Reductionism in biology is fatally flawed. Reductionism, of course, has greatly increased our understanding of biology. However, it is time to move past the false dichotomy of nature vs nurture, and with that, move past heritability estimates since they prop up the fallacy of nature vs nurture. There is no way to separate the two since they are intertwined, but behavior geneticists would like you to believe that by studying twins raised apart will tell you anything about how ‘genetic’ or ‘environmental’ variation in a trait is in a population. Since heritability estimates are gleaned from the highly flawed studies of twins reared apart, a whole host of assumptions is poured in and these estimates are highly inflated, showing that genes influence a trait more than they supposedly do.

Twin studies, and along with it, heritability estimates, are useless for figuring out, and describing, trait variation in humans. The developmental system is more complex than the genetic reductionists (behavior geneticists) would like one to believe. The reductionist model has been heavily attacked in recent years (Regenmortal, 2004; Noble, 2008, 2012, 2015, 2016; Joyner, 2011, b; Joyner and Pederson, 2011).

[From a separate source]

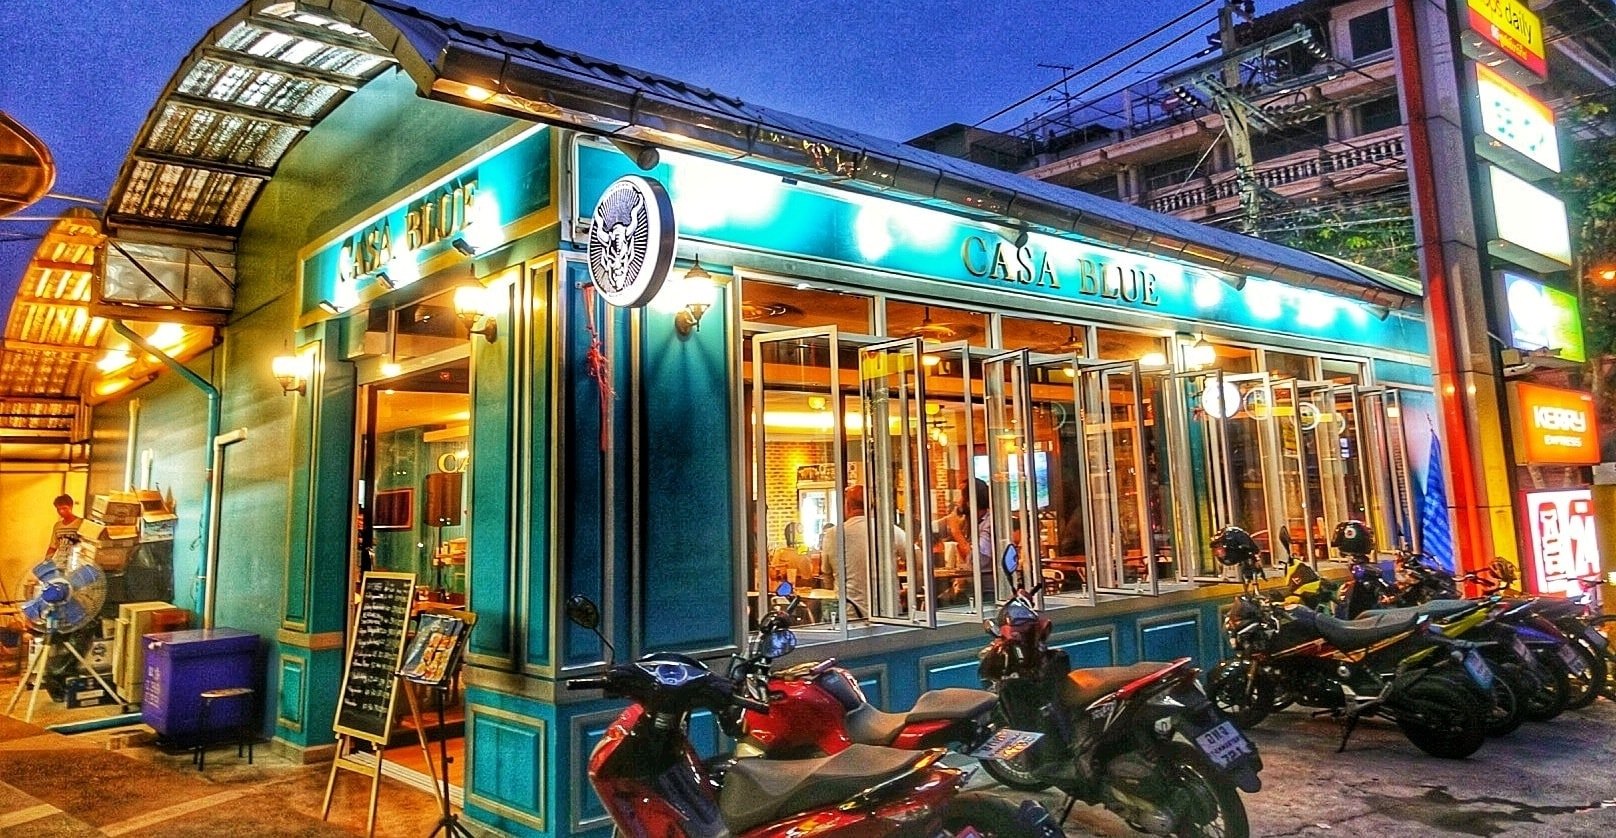 คาซ่าบลู คราฟต์บริวส์ (Casa Blue Craft Brews & Delicacies) : กรุงเทพมหานคร (Bangkok)

Nature vs nurture has also shown to be a false dichotomy because the system develops in whichever environment it finds itself in (Oyama, 1985, 1999; 2000; Moore, 2002; Schneider, 2007)

Conclusion

Since the genetic reductionist model is wrong, along with heritability estimates (because of the nature/nurture fallacy), both should be discontinued. One of the main vehicles of these two models—twin studies—should also be discontinued. These fatal flaws of the behavior geneticists’ paradigm should be enough to discontinue these techniques in the study of human development and behavior. Heritability estimates give no causal information and they also use an outdated model of the gene; twin studies assume too many things for it to be a viable model in the discovering how traits manifest (most importantly, twin studies keep the nature/nurture fallacy alive and should be discontinued on that note only, in my opinion); and genetic reductionist models have been shown to be fatally flawed in recent years. We now have a better understanding of what a gene is today (Portin and Wilkins, 2017), and due to this, we should discontinue whatever implies the fallacy of nature vs nurture because it is irrelevant and a false dichotomy. That, alone, should be enough to discontinue twin studies and heritability estimates.